RESULTS OF OPERATIONS
For the nine months ended September 30, 1997, net income was $1,741,000
(53(cent) per share) compared to $2,150,000 (65(cent) per share) for the same
period of 1996. General and administrative expenses increased by about $357,000
during the nine months ended September 30, 1997 due to costs associated with the
addition of management staff employed to support planned growth.
NEW VENTURES
The Board of Directors of New Mexico and Arizona Land Company ("NZ") approved
the acquisition of a loan portfolio, totaling approximately $7,980,000, of
short-term commercial real estate development loans from R.R. Hensler, Inc., d.
b. a. RRH Financial ("RRH"), along with other miscellaneous assets of RRH. With
this acquisition, NZ is entering into the short-term commercial real estate
lending business, which will be conducted through its newly-formed subsidiary,
Bridge Financial Corporation ("BFC"). This acquisition, valued at approximately
$9,970,000, will be financed with the issuance of approximately 531,700 shares
of NZ common stock (Rule 144 stock) and about $1,994,000 cash.

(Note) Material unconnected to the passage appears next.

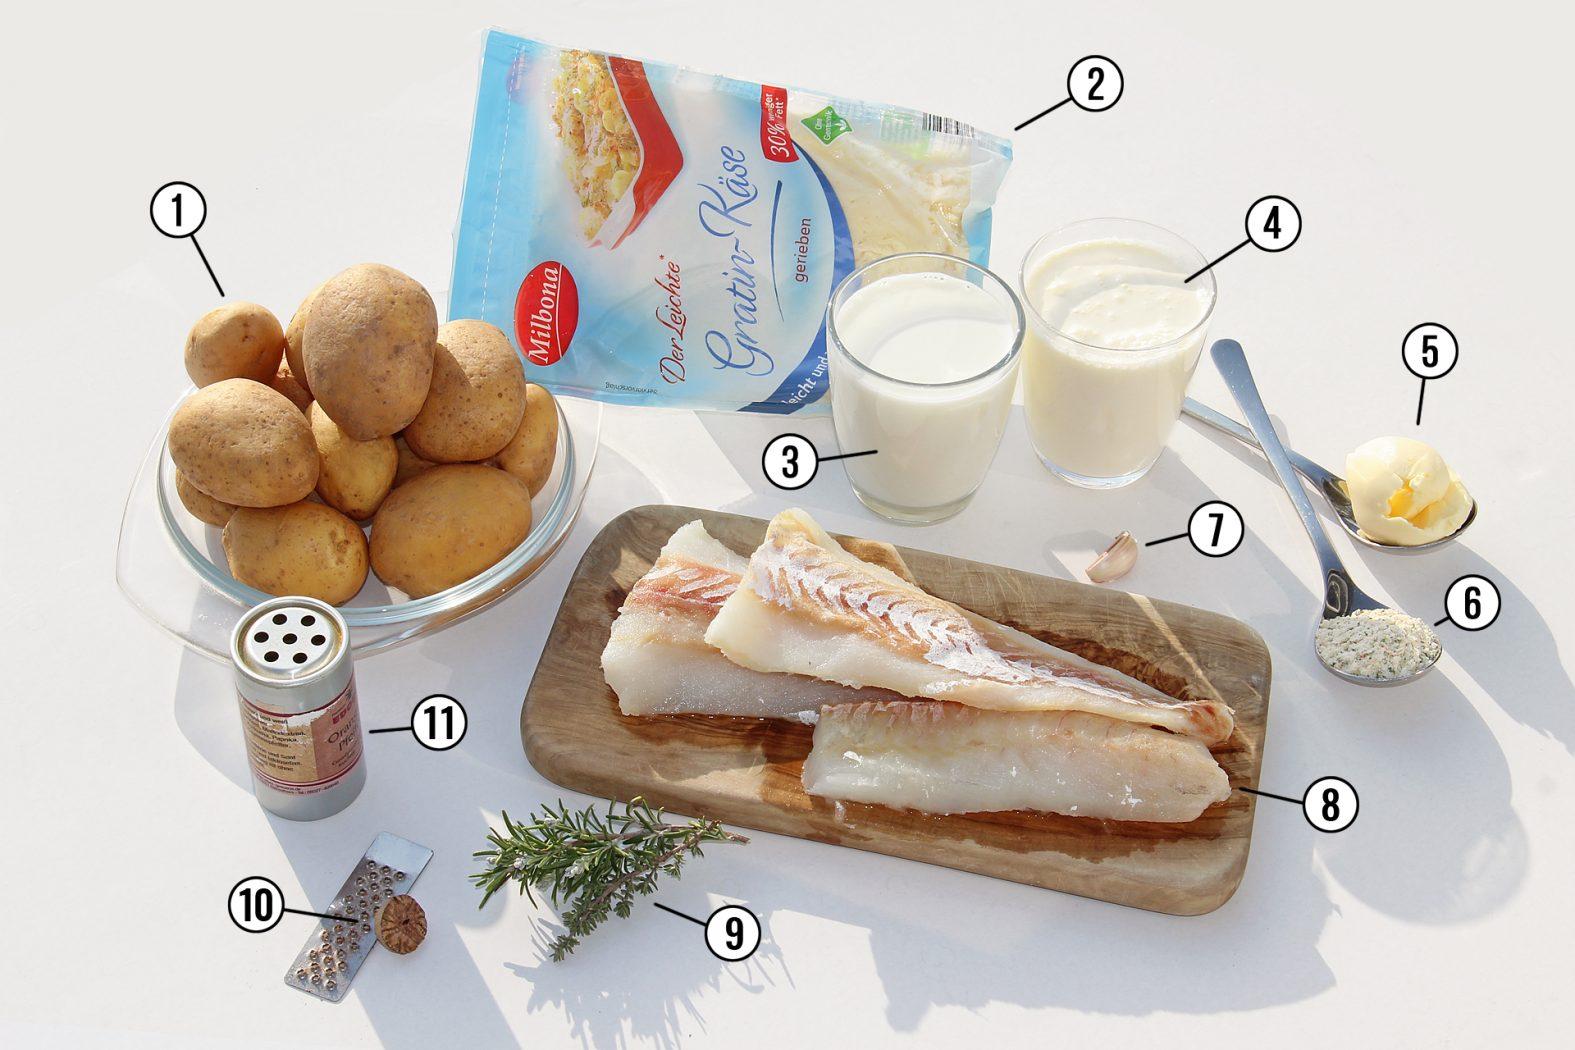 Das Rezept für gebackenen Fischauflauf mit Dorsch und Kartoffeln

Paul Sargent, currently with RRH, has agreed to join Bridge Financial
Corporation as President. Mr. Sargent has extensive experience in the mortgage
business having originated about $100 million in loan transactions during the
five years he was associated with RRH. Prior to forming RRH, he worked with
Chase Bank in both Arizona and New York. Over the past decade he has placed
loans ranging up to $35,000,000. We are looking forward to this association and
the long-term growth of BFC.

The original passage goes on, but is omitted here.